Gros plan sur des corps flasques et bedonnants en mouvement autour d’une piscine sale, telle est l’ouverture surprenante de La Ciénaga. Des couples de quinquas trainent leur fauteuil, peut-être pour se protéger de l’orage sur le point d’éclater. Ils ont un point commun : tous ont une cigarette et un verre plus ou moins rempli à la main et celui-ci ne semble pas être le dernier d’une longue série. Mecha, la maitresse des lieux - une propriété rurale au nord-ouest de l’Argentine - mère de quatre adolescents et épouse délaissée, chute dans la manœuvre et clôt sa journée aux urgences.
Fin de la fiesta.
Dès les premières minutes, le film impose une ambiance lourde et moite. Une tension permanente règne au sein de deux familles : celle de Mecha et celle de sa cousine, Mercedes. Lucrecia Martel s’attèle aux dérives des adultes, à leurs psychoses, aux rancœurs qui les alimentent, sans jamais trop en dévoiler. Il suffit d’un plan, d’une phrase pour que le spectateur imagine un fragment de l’histoire, la justification d’une attitude. Tout s’est construit sur des non-dits et des malentendus. Une pique lâchée à untel et voilà qu’on déroule dans notre tête l’historique sur dix ans. Il règne une chaleur étouffante à la Ciénaga mais l’alcool qui s’y consomme à longueur de journée n’est pas là pour épancher la soif. Il est le moyen d’une dérive, d’un laisser-aller, une échappatoire, auxquels assistent les enfants. Leurs jeux et leurs rires ne font que renforcer le décalage entre ceux qui font le deuil de leur jeunesse, et ceux pour qui l’avenir est devant, impressionnant, imprévisible et malgré tout, séduisant.

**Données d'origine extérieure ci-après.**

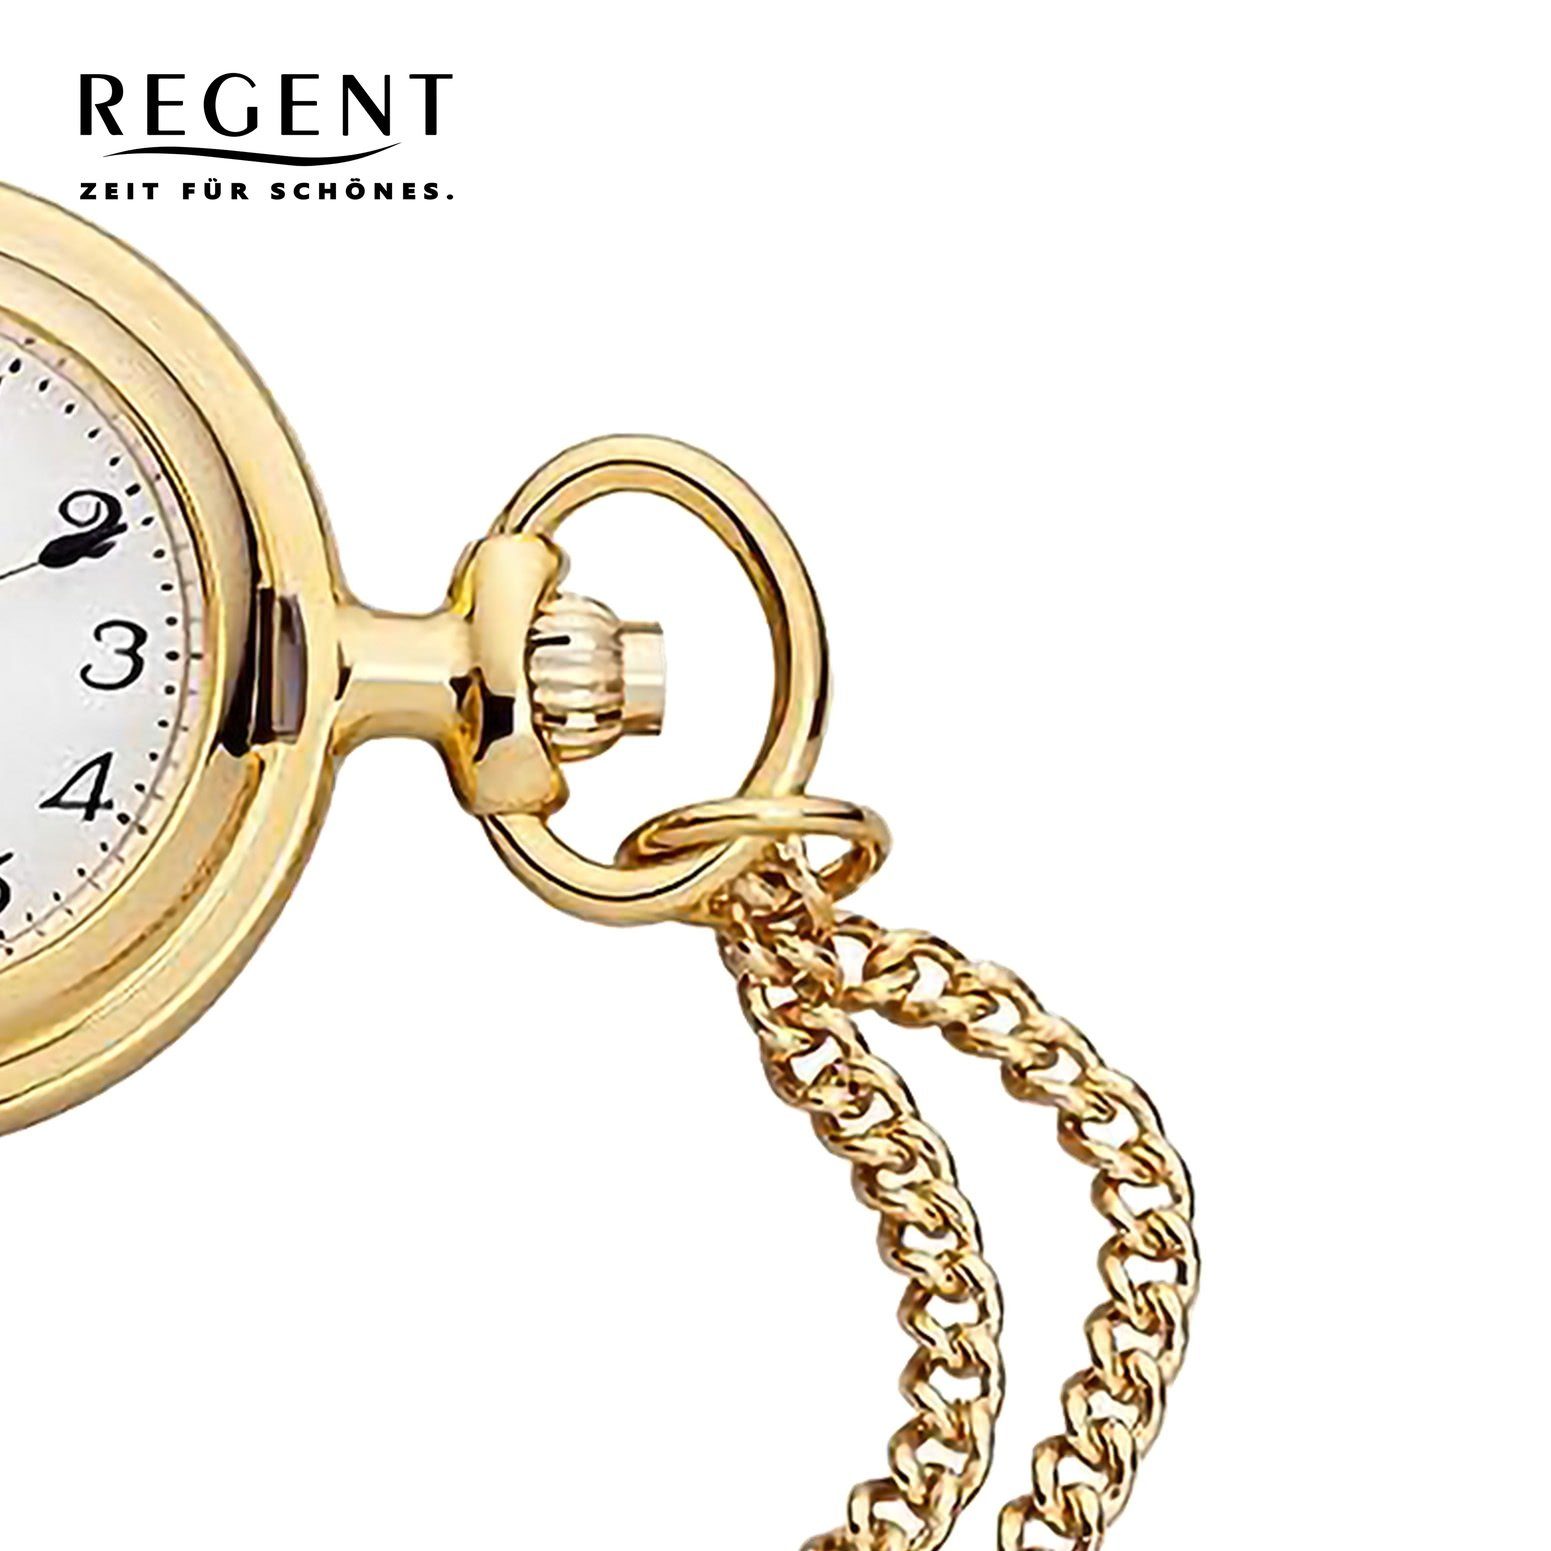 Taschenuhr Regent Taschenuhr Regent Uhrzeit extra (ca. (Analoguhr), 26mm), Analog rund, Metall, Gehäuse, Elegant, Herren groß Taschenuhr Herren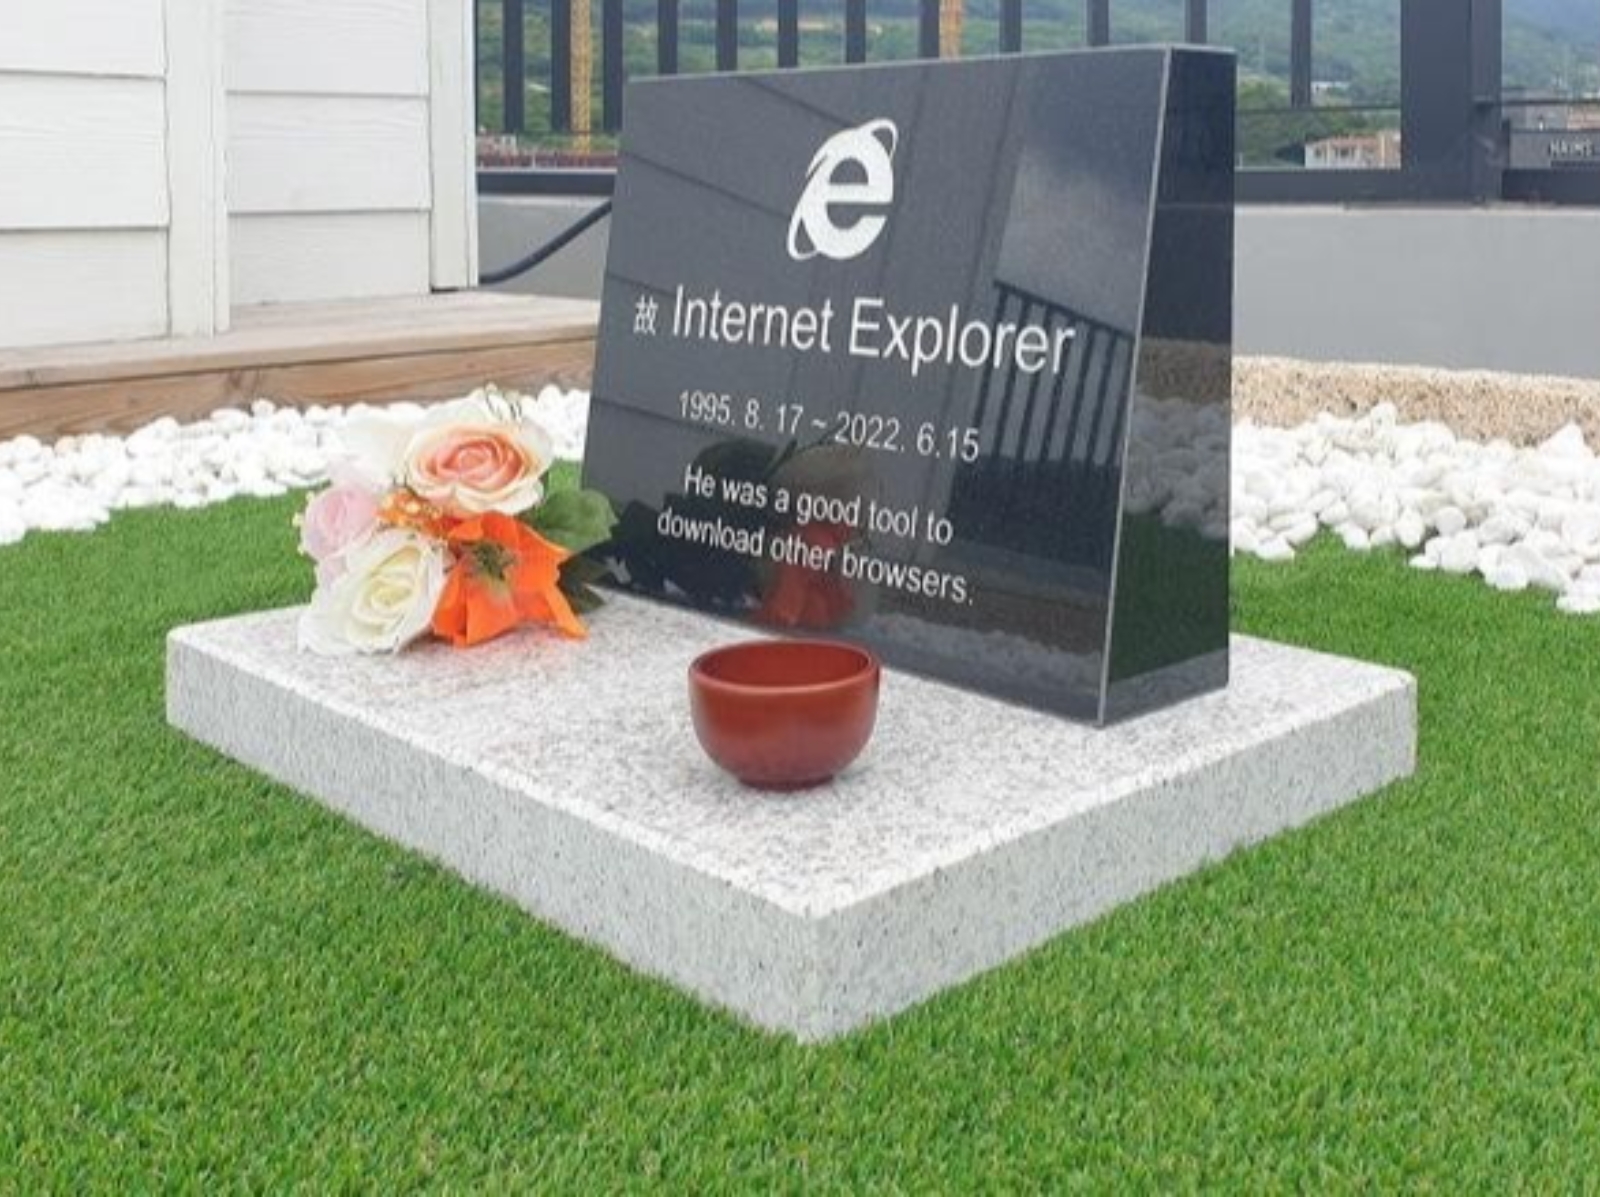 微軟 IE 正式結束服務，工程師打造實體墓碑悼念並寫道「它是用來下載其他瀏覽器的好工具」

Il ne se passe pas grand-chose dans La Ciénaga, et c’est tant mieux. La vie est à l’œuvre, construisant les personnalités, réunissant les cœurs ou détruisant les liens. Le film démontre que malgré les différentes conditions sociales dont les deux familles sont issues, elles seront touchées toutes deux par le drame, sans que celui-ci ne fasse de distinction entre le Bien et le Mal, et que c’est seulement en s’épaulant que l’on peut y faire face.